Pat Buchanan has just published an article on President Kennedy’s Peace Speech at American University on June 10, 1963, just a few months before he was assassinated on November 22. It’s an article worth reading, as it shows the relevance of Kennedy’s vision for America even today.
Imagine any U.S. president today calling for a normal, peaceful, and harmonious relationship with Russia, China, North Korea, and Cuba. He would immediately be skewered by the Pentagon, the CIA, and their assets within the mainstream press.
Yet, that was precisely what Kennedy did at the very height of the Cold War, when the Pentagon, the CIA, and the mainstream press were claiming that the United States was in grave danger of being subjugated by an international communist conspiracy that was emanating from Moscow. In his Peace Speech, Kennedy was bringing an end to that conspiracy nonsense.
Buchanan writes:
Kennedy was asking us to recognize that the world consists not only of democrats but also of autocrats, dictatorships, military regimes, monarchs and politburos, and the goal of U.S. foreign policy was not to convert them into political replicas of the USA. Kennedy was willing to put our political model on offer to the world, but not to impose it on anyone: “We are unwilling to impose our system on any unwilling people — but we are willing and able to engage in peaceful competition with any people on earth.”
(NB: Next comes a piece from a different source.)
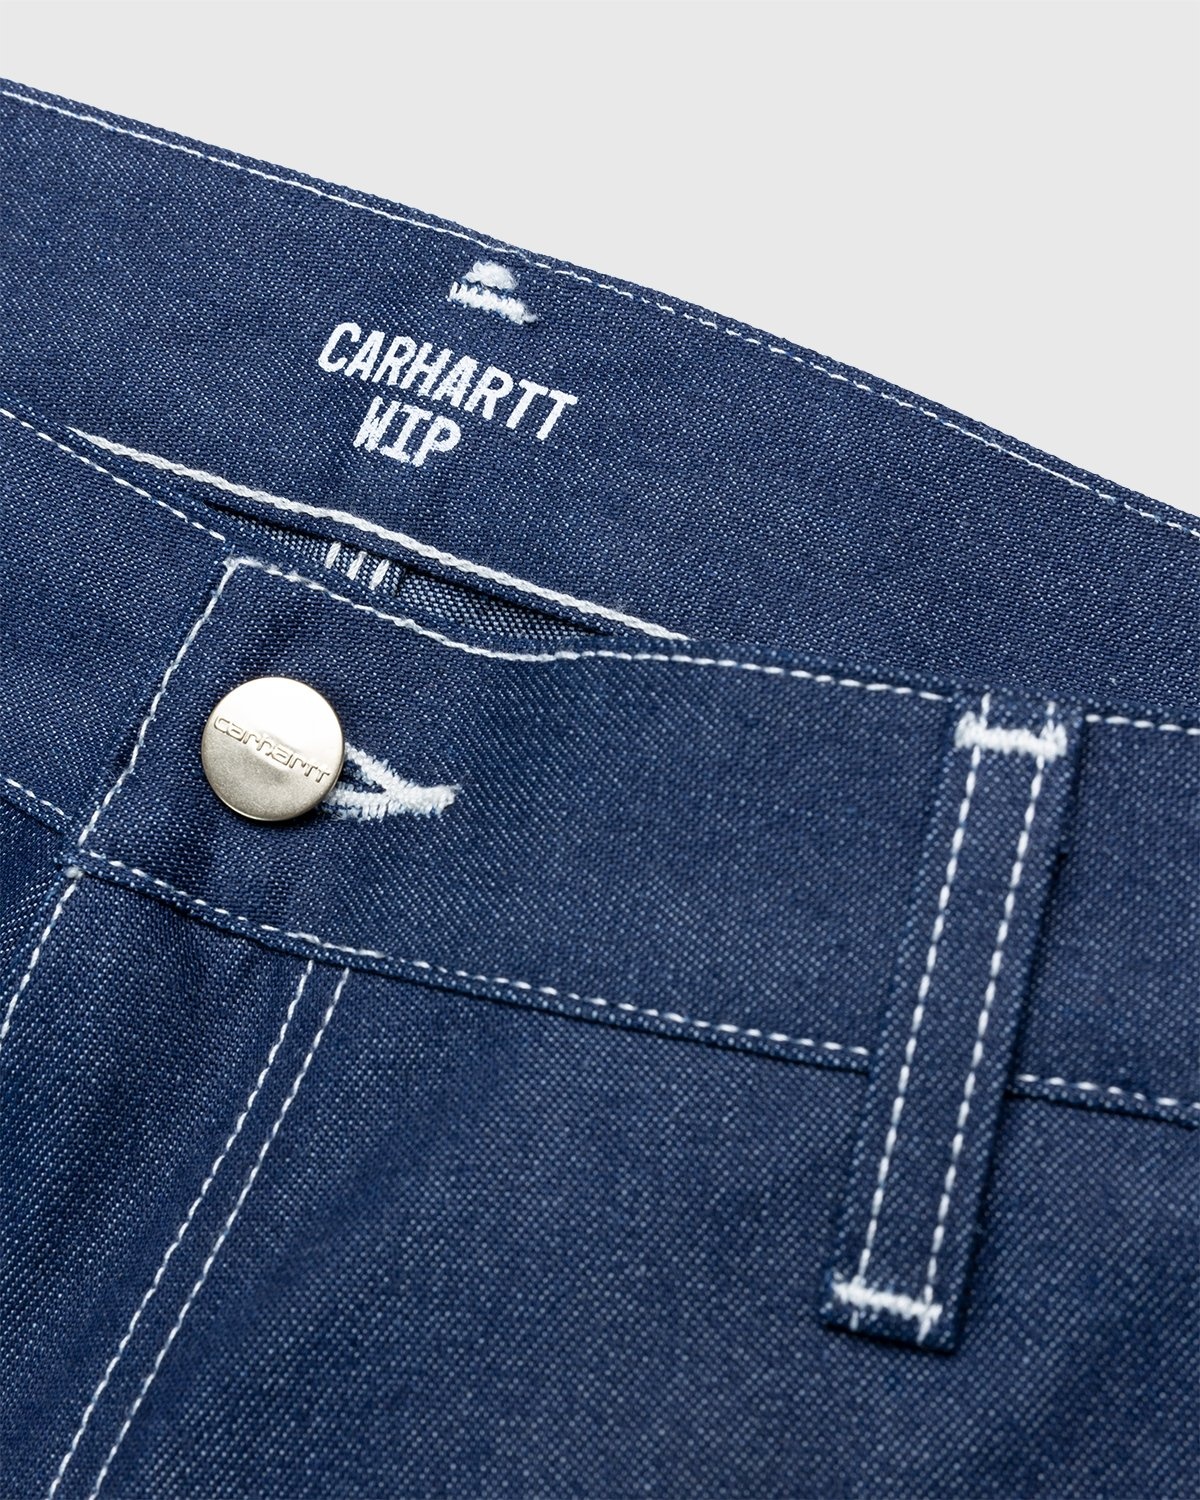 Carhartt WIP – Ruck Single Knee Pant Blue Rigid - Work Pants - Blue - Image 5

Imagine a U.S. president today saying what Kennedy declared in his Peace Speech:
I have, therefore, chosen this time and this place to discuss a topic on which ignorance too often abounds and the truth is too rarely perceived — yet it is the most important topic on earth: world peace. What kind of peace do I mean? What kind of peace do we seek? Not a Pax Americana enforced on the world by American weapons of war. Not the peace of the grave or the security of the slave. I am talking about genuine peace, the kind of peace that makes life on earth worth living, the kind that enables men and nations to grow and to hope and to build a better life for their children — not merely peace for Americans but peace for all men and women—not merely peace in our time but peace for all time….
Second: Let us reexamine our attitude toward the Soviet Union…. No government or social system is so evil that its people must be considered as lacking in virtue. As Americans, we find communism profoundly repugnant as a negation of personal freedom and dignity. But we can still hail the Russian people for their many achievements—in science and space, in economic and industrial growth, in culture and in acts of courage….
So, let us not be blind to our differences — but let us also direct attention to our common interests and to the means by which those differences can be resolved. And if we cannot end now our differences, at least we can help make the world safe for diversity
Third: Let us reexamine our attitude toward the cold war, remembering that we are not engaged in a debate, seeking to pile up debating points…. Our interests converge, however, not only in defending the frontiers of freedom, but in pursuing the paths of peace….
Finally, my fellow Americans, let us examine our attitude toward peace and freedom here at home. The quality and spirit of our own society must justify and support our efforts abroad…..
As part of his new vision for America, Kennedy entered into the Nuclear Test Ban Treaty with the Soviets, over the vehement objections of the Pentagon and the CIA. He also ordered a partial pull-out of U.S. troops from Vietnam and told close aides that he would effect a total pull-out after he won the 1964 election, a position that was anathema to the Pentagon and the CIA. He entered into personal negotiations with Soviet Premier Nikita Khrushchev to bring an end to the Cold War and establish normal relations with the Soviet Union. On the day he was assassinated, Kennedy’s personal emissary was having lunch with Cuban leader Fidel Castro to explore normalizing relations with Cuba.
Needless to say, Kennedy’s new vision for America did not sit well with the Pentagon and the CIA, who were convinced that his policies were naive and dangerous to the extreme. In their eyes, what Kennedy was doing was an even graver threat to “national security” than Mohammad Mossedegh’s and Jacobo Arbenz’s policies in Iran and Guatemala in 1953 and 1954. In the eyes of the Pentagon and the CIA, Kennedy was setting the nation on a course that would end up with a communist takeover of the United States, no different, from their perspective, from the course that the democratically elected president of Chile, Salvador Allende, would take ten years later.
Needless to say, Kennedy’s vision would also threaten future decades of ever-increasing budgets and power for the Pentagon, the CIA, and the NSA, along with their ever-growing army of “defense” contractors.
With Kennedy’s murder, the national-security establishment’s vision for America prevailed. The Cold War continued and embroiled the United States in the Vietnam War, which cost the lives of 58,000 American men. The Cold War later morphed into the “war on terrorism,” which led to the wars in Afghanistan and Iraq.
Through it all, the winner has been the U.S. national-security establishment, which, over the decades, has solidified its power, influence, and money within the U.S. federal governmental structure. Today, woe to anyone within the federal government and the mainstream press who dares to question the official decades-old national-security state position establishing Russia, China, North Korea, and Cuba as grave threats to U.S. “national security.” And, of course, unlike Kennedy, no president today would dare to challenge this entire racket.